"Por que os bascos sim e os catalães não?", resumiu recentemente o jornal barcelonês La Vanguardia.
[SAIBAMAIS]Na Espanha, o Estado central arrecada a maior parte dos impostos e depois compartilha o recebido entre as 17 regiões que o compõe. As únicas exceções são o País Basco e a vizinha Navarra, que arrecadam diretamente os tributos dos contribuintes e decidem por conta própria em que gastam o dinheiro.
A participação das duas regiões nos gastos do Estado central são mínimas e se limitam essencialmente à Defesa e a um fundo de solidariedade entre regiões. Igualmente, têm reembolsada parte do arrecadado com o IVA.
O resultado de tudo isto é que "o gasto público no País Basco é o dobro em comparação com o resto da Espanha.

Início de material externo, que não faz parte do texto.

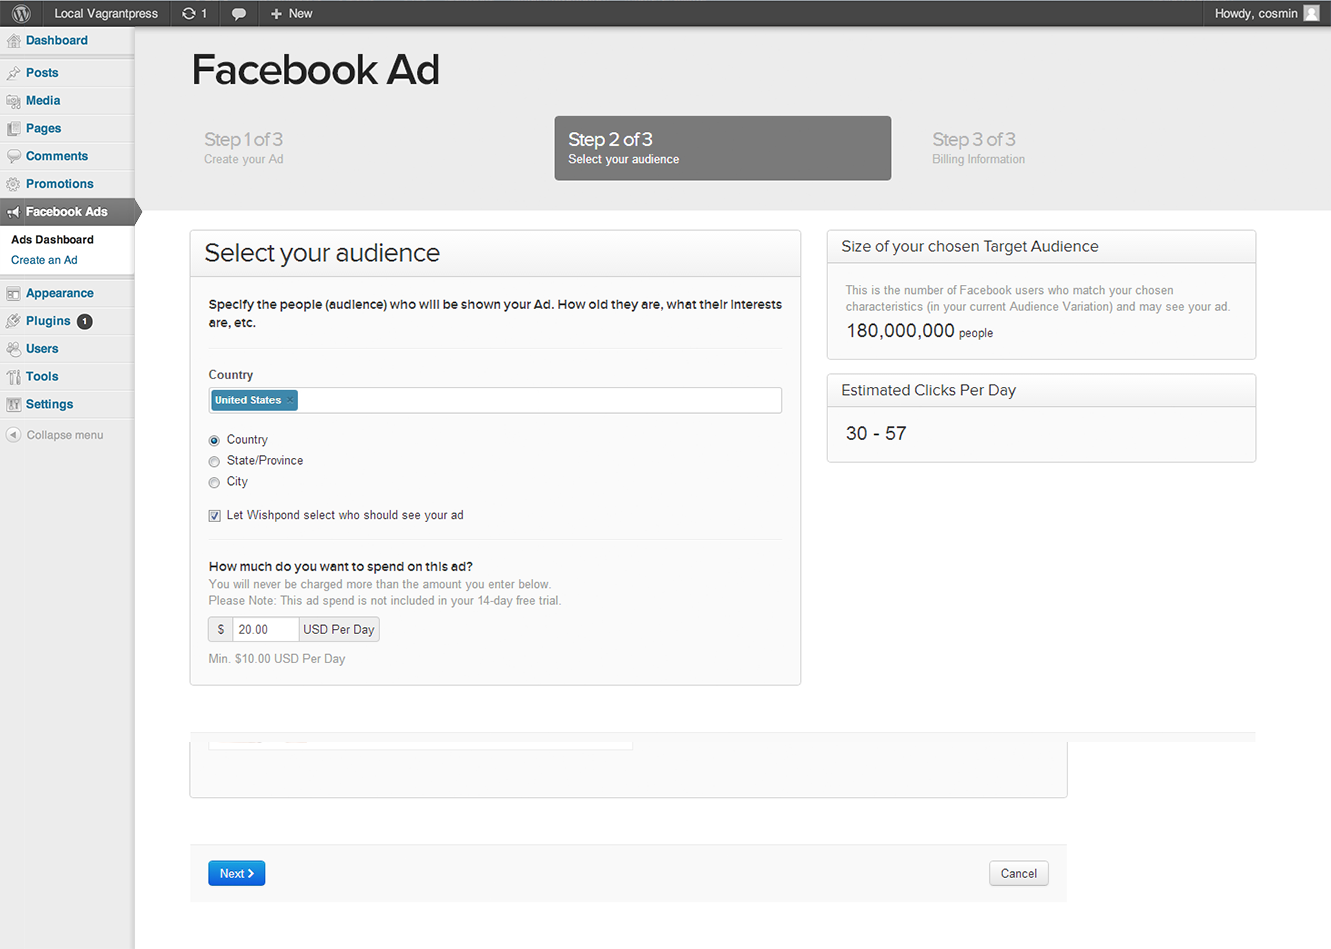 Create a Facebook Ad in your Wordpress Admin (Part 2)
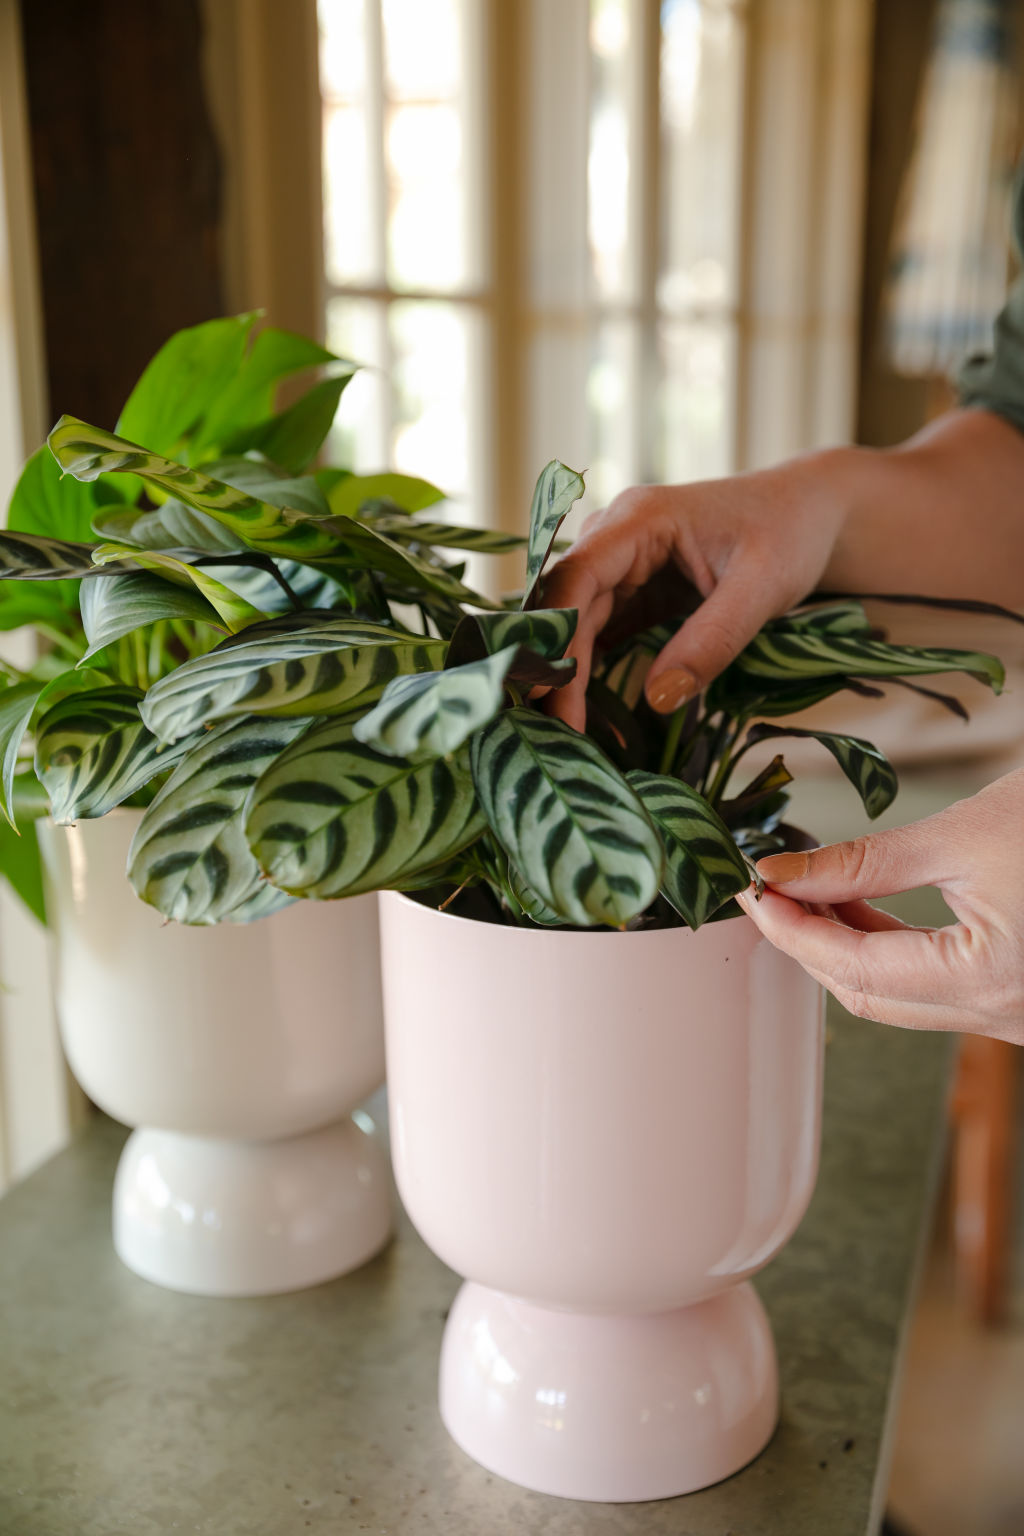 You may have to move your plants closer to a window in winter to make sure they get enough light. Photo: Trudy Pagden
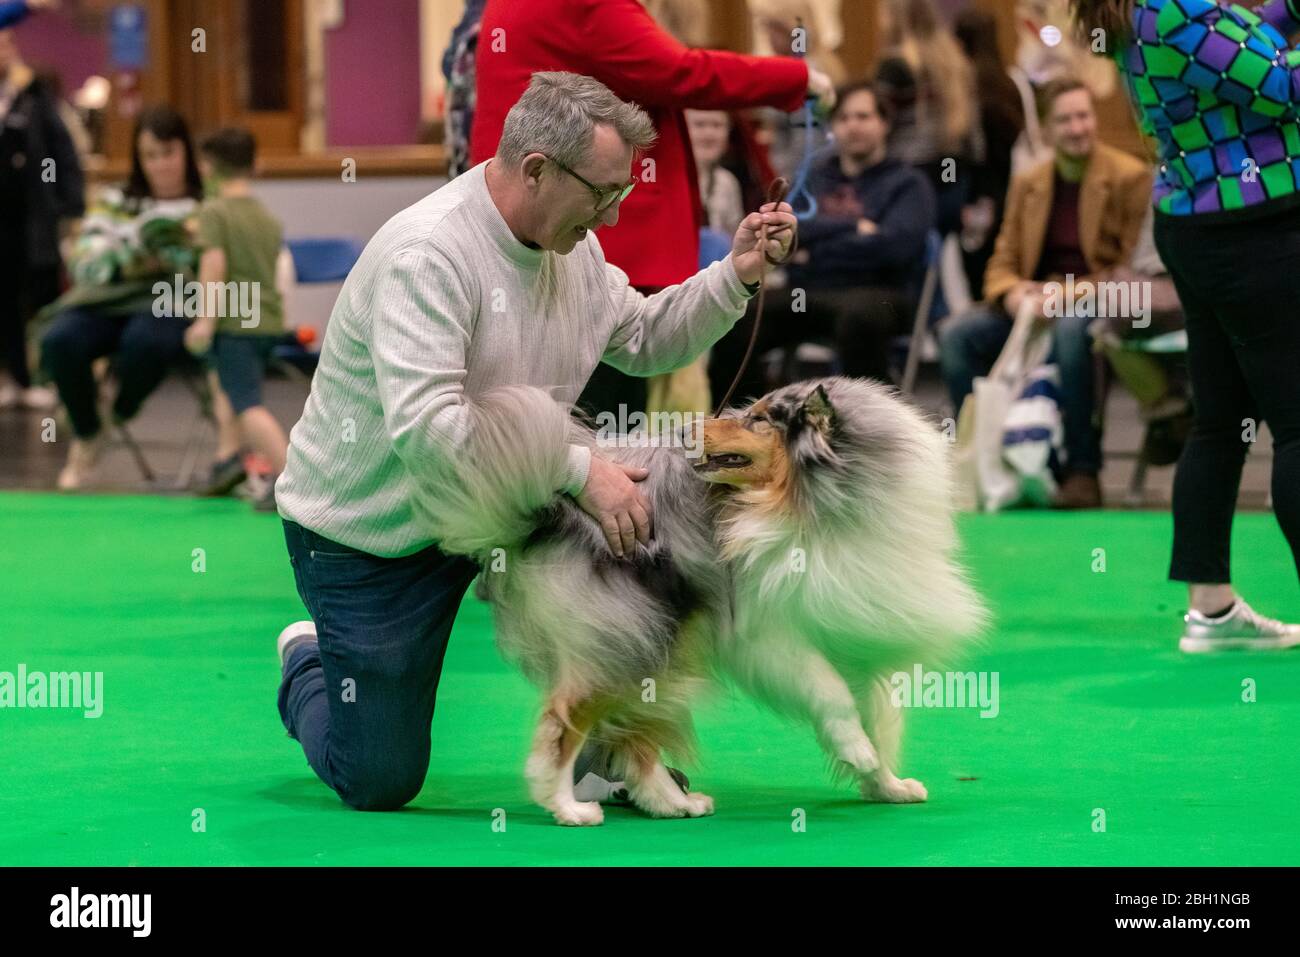 Crufts 2020: Day 3 of the Crufts dog show at the NEC in Birmingham, UK. Stock Photo
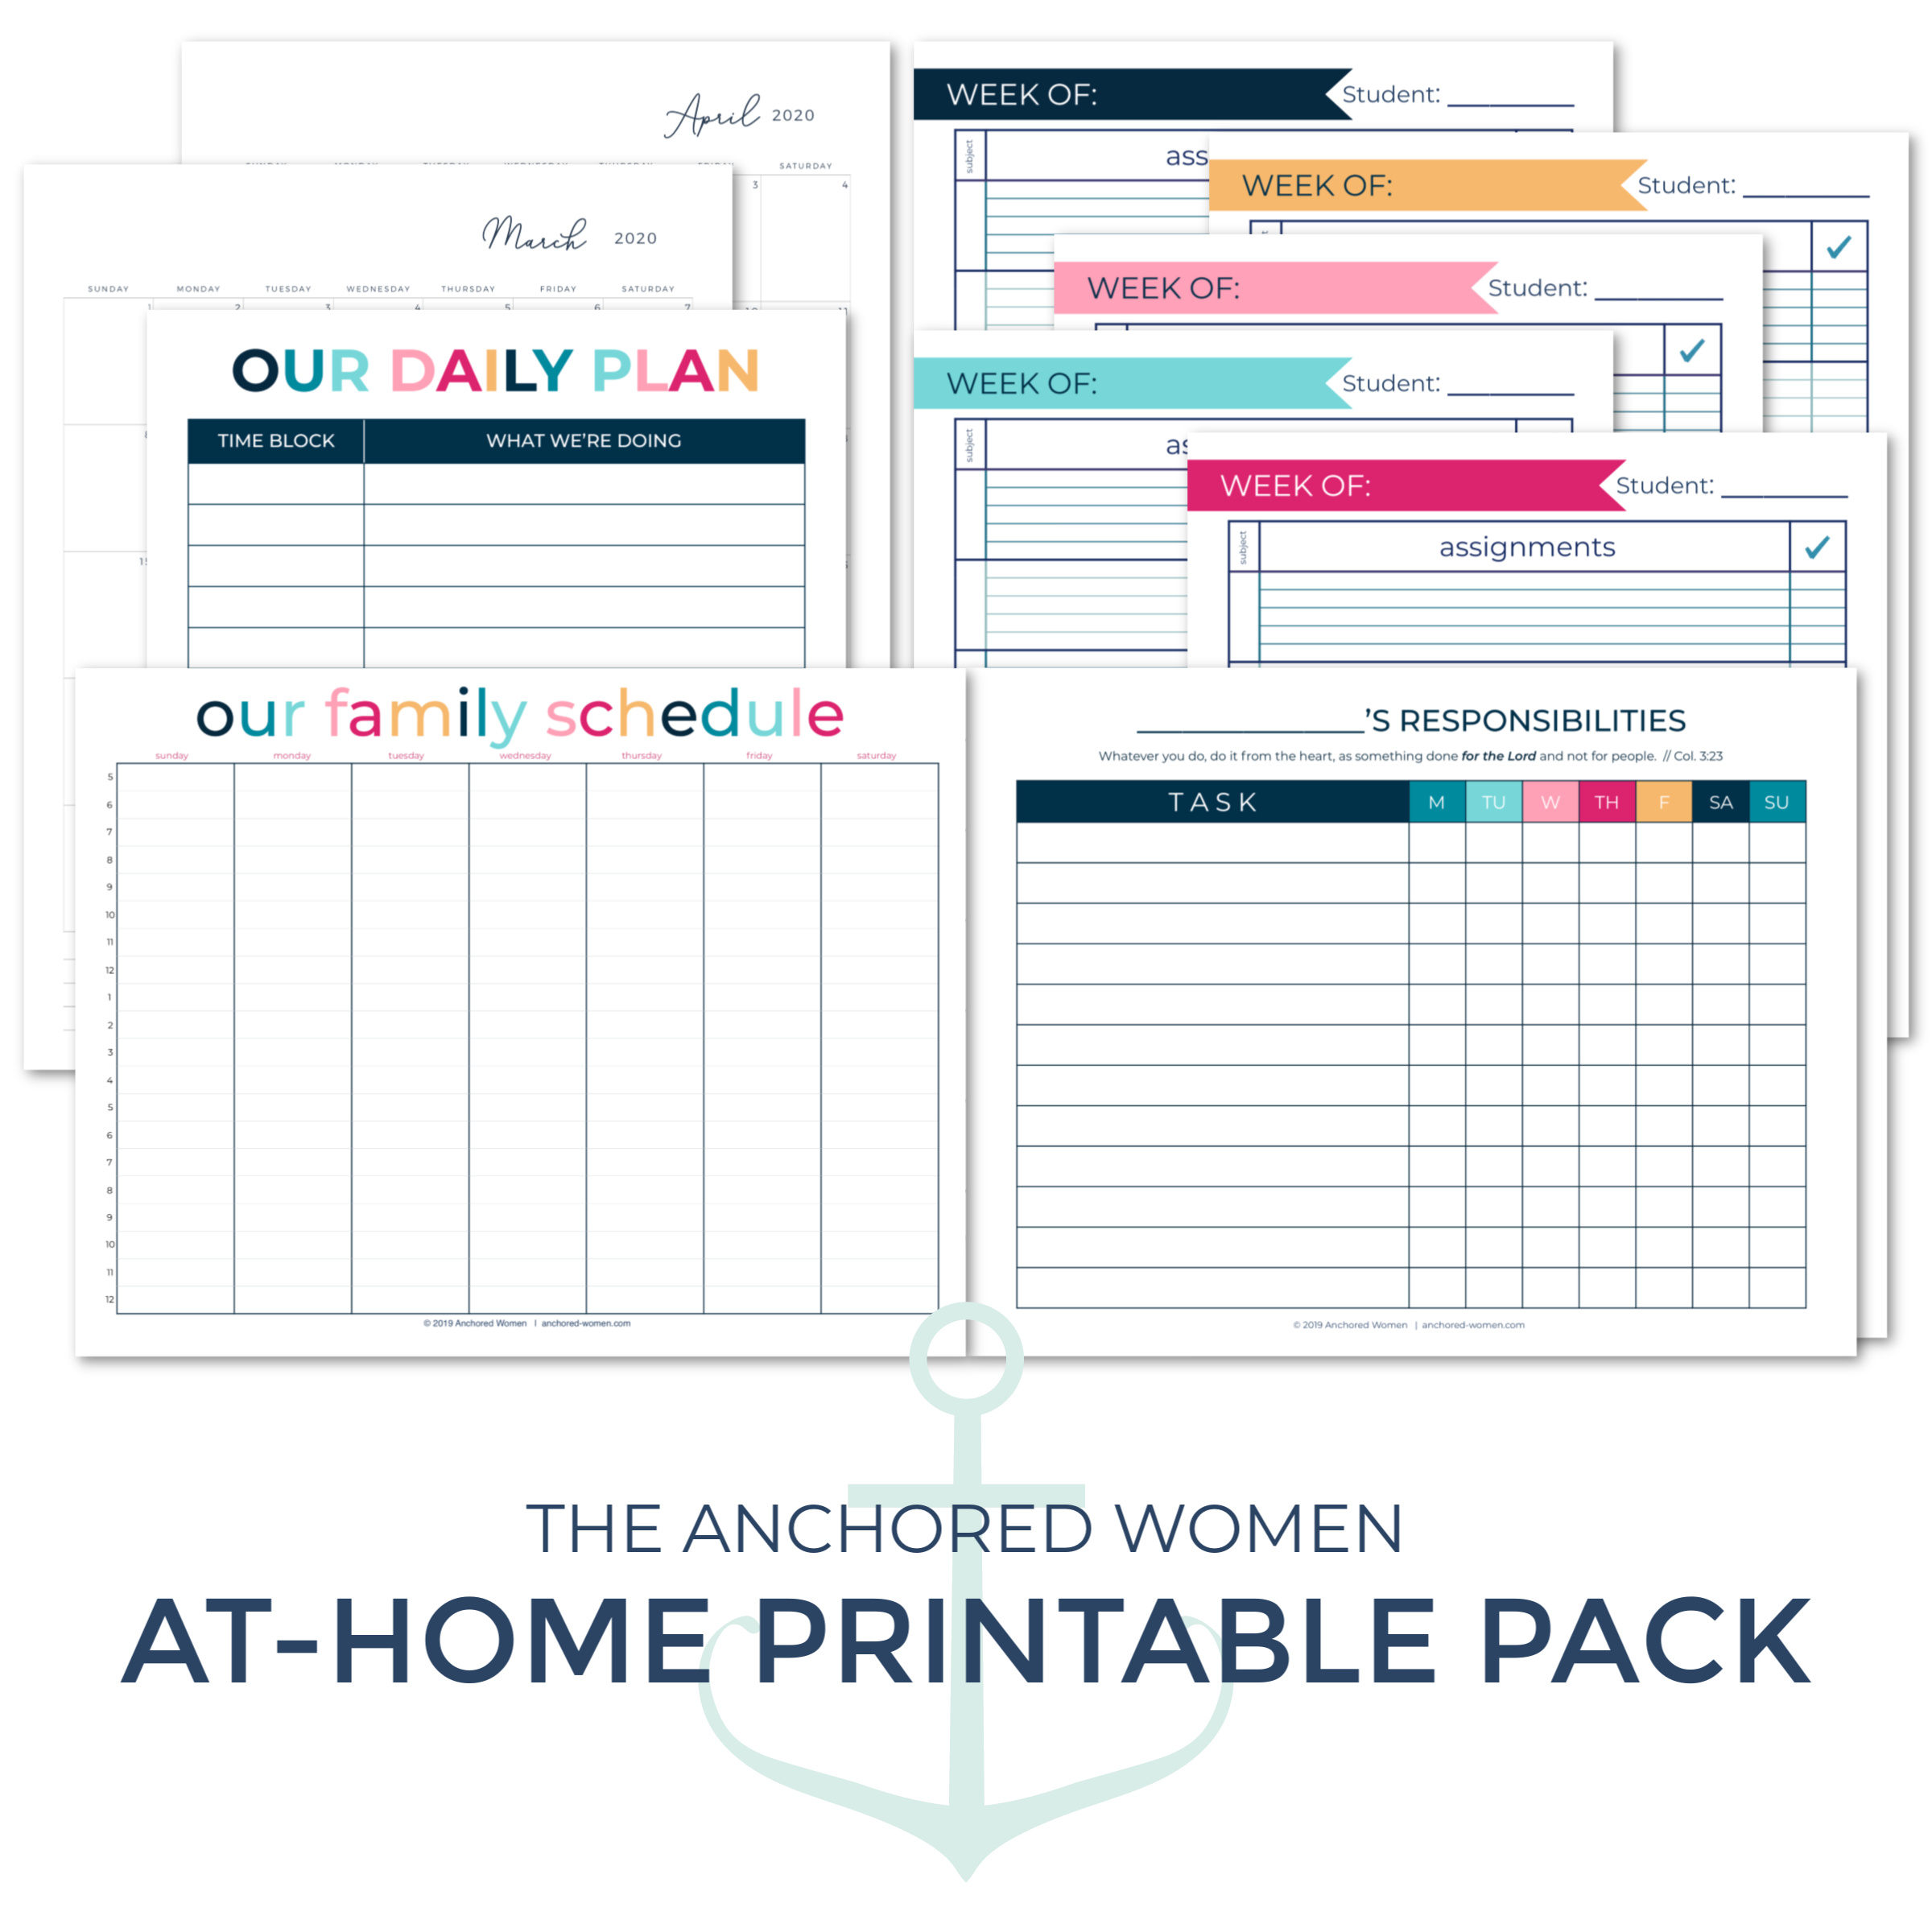 Download your free At-Home Printable Pack!

É uma desigualdade insuportável e tem algo a ver com o problema catalão", explica Alain Cuenca, especialista em financiamento regional da Universidade de Zaragoza.
Bascos e navarros podem passar como ricos, já que juntamente com a região de Madri ocupam os três primeiros postos da renda per capita da Espanha.
Tensão crescente
Nos últimos meses parou de aumentar a tensão na Catalunha, onde o governo separatista convocou para 1; de outubro um referendo de autodeterminação proibido pela Justiça espanhola.
Os privilégios fiscais do País Basco, instaurados no século XIX e parcialmente abolidos durante a ditadura franquista, foram restabelecidos pela Constituição democrática de 1978.
Uma decisão que, segundo vários especialistas consultados pela AFP, foi tomada em parte sob a pressão dos atentados da organização separatista armada ETA, que por então matava a cada ano dezenas de pessoas.
Diante deste sistema tão vantajoso, "há uma percepção de injustiça de parte de muitos cidadãos na Catalunha", diz Joan Botella, professor de ciência política da Universidade Autônoma de Barcelona.
Sobretudo quando a Catalunha aporta quase 20% do PIB espanhol, contra 6% do País Vasco.
Além disso, costuma ocorrer que o governo regional basco se nega a pagar o que deve ao Estado central, sem que haja sanções, aponta Cuenca. "Os aviões militares, por exemplo, deve-se pagá-los, mas quando não estão de acordo [com a quantia], não pagam".
Os catalães, por sua vez, entregam ao Estado mais dinheiro do que recebem: 10 bilhões de euros, segundo Madri, 16 bilhões de euros, segundo Barcelona.
A questão fiscal "não é a única motivação do movimento separatista, mas tem sido um elemento muito importante", lembra Botella.
Cálculo equitativo
O argumento fiscal se tornou um mantra com a eleição de Artur Mas como presidente da Catalunha em 2010. Dois anos depois, propôs solenemente a Madri um novo acordo fiscal, calcado no modelo basco.
Diante da recusa do conservador Mariano Rajoy, confrontado com uma dura crise econômica desde que chegou ao poder em 2011, Mas convocou eleições antecipadas, que venceu em 2013 com a promessa de organizar um referendo de autodeterminação, uma ideia defendida até então unicamente nos círculos separatistas mais radicais.
A frustração "desempenhou um papel significativo" na ascensão do separatismo na Catalunha, comenta Caroline Gray, especialista em movimentos separatistas espanhóis na universidade britânica de Aston.
Segundo ela, "vai além do aspecto financeiro, não se trata apenas de pedir dinheiro para a Catalunha, trata-se de pedir o poder de decidir. É uma questão de controle e de autoridade".
Com sua autonomia fiscal, os bascos têm uma relação com Madri que "nenhuma força política da Catalunha poderia estabelecer nunca com o governo espanhol", constatava em setembro o atual presidente catalão, o separatista Carles Puigdemont.
"O problema é que o sistema basco não pode se estender aos catalães enquanto não se calcule de forma mais equitativa", assegura Alain Cuenca.
É que, segundo ele, "se se faz o mesmo com a Catalunha, a Espanha quebra", por ser aquela uma região maior e com uma economia maior.
A revisão do sistema seria especialmente difícil para um Mariano Rajoy em minoria no Parlamento espanhol, e dependente dos cinco deputados bascos para levar adiante os orçamentos.
A poucos dias de um referendo que desata paixões, "as questões econômicas são vistas como pouco importantes. Mas quando a fumaça se dissipar (...), a solução deverá comportar elementos distintos e um deles certamente será o fiscal", antecipa Joan Botella.